Q13. What is system bandwidth and how is it defined for a low-pass system?
Bandwidth is the range of frequencies over which a system transmits signals with acceptable amplitude, commonly defined as the frequency range from DC to the −3 dB cutoff frequency for a low-pass system where |H(jω)| = (1/√2)|H(0)|. A TLV271 op-amp configured as a low-pass filter with 10 kΩ and 10 nF gives a bandwidth of 1/(2π×10k×10n) = 1.59 kHz. The −3 dB bandwidth is the point where signal power is halved and amplitude reduced by about 30%, chosen as a standard because it marks the corner of the filter's pass and transition band.
Follow-up: How is bandwidth defined for a band-pass system and what is the Q-factor?
Q14. What is the transfer function of a system and how is it related to the frequency response?
The transfer function H(s) is the Laplace transform of the impulse response, expressing the system's input-output relationship as a ratio of polynomials in s that directly reveals poles and zeros governing stability and frequency behavior. For a first-order RC low-pass filter with R=1 kΩ, C=1 µF, H(s) = 1/(1 + s×10^−3) with a pole at s = −1000 rad/s. The frequency response is obtained by substituting s = jω, so H(jω) = H(s)|{s=jω}, connecting Laplace and Fourier analysis for stable systems.
Follow-up: What do the locations of poles and zeros on the s-plane tell you about the system's frequency response shape?
Q15. What is the difference between IIR and FIR digital filters in terms of systems theory?
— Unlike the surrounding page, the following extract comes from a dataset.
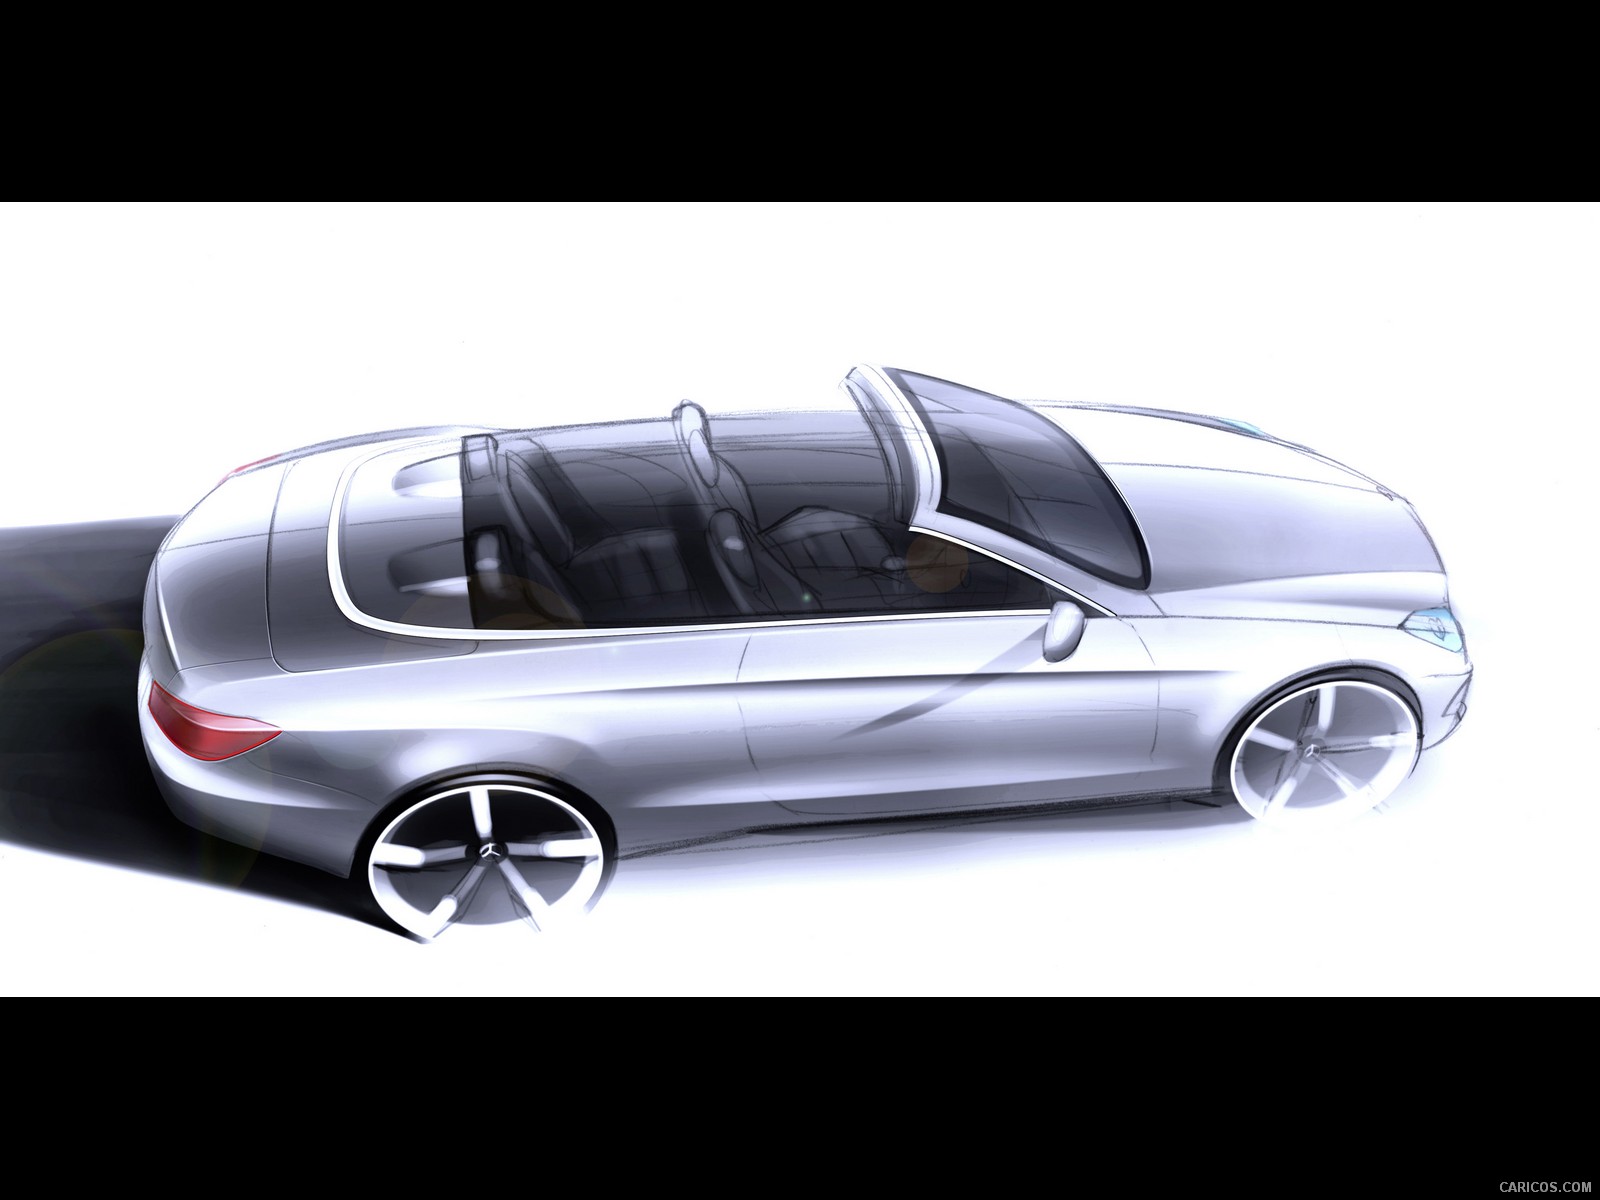 Mercedes-Benz E-Class Cabriolet  - Design Sketch, #111 of 165

An FIR (Finite Impulse Response) filter has an impulse response of finite duration — its output depends only on a finite number of past inputs — making it always BIBO stable, while an IIR (Infinite Impulse Response) filter has feedback and an impulse response that extends to infinity, potentially becoming unstable if poles fall outside the unit circle. A 64-tap FIR low-pass filter built in MATLAB with windowing has exactly 64 non-zero coefficients and is unconditionally stable. An IIR Butterworth filter achieves the same frequency selectivity with only 6 coefficients but requires checking its poles remain inside the unit circle to guarantee stability.
Follow-up: What is the advantage of FIR filters for audio applications specifically related to their phase response?
Common misconceptions
Misconception: A stable system always produces a small output for any input.
Correct: BIBO stability only guarantees that a bounded input produces a bounded output; the output can still be large in amplitude as long as it remains finite when the input is finite.
Misconception: Convolution and correlation are the same operation.
Correct: Convolution flips one signal in time before sliding and integrating, while cross-correlation slides one signal without flipping; they are equal only when one signal is even-symmetric.
Misconception: Any real-world system can be made causal by adding a time delay.
Correct: Adding a time delay makes a non-causal system's impulse response shift forward in time, which approximates causality for finite-support filters but cannot perfectly implement a truly non-causal ideal filter.
Misconception: The Fourier transform and the Fourier series are the same tool applied differently.
Correct: The Fourier series applies to periodic signals and produces a discrete set of frequency coefficients, while the Fourier transform applies to non-periodic signals and produces a continuous frequency spectrum.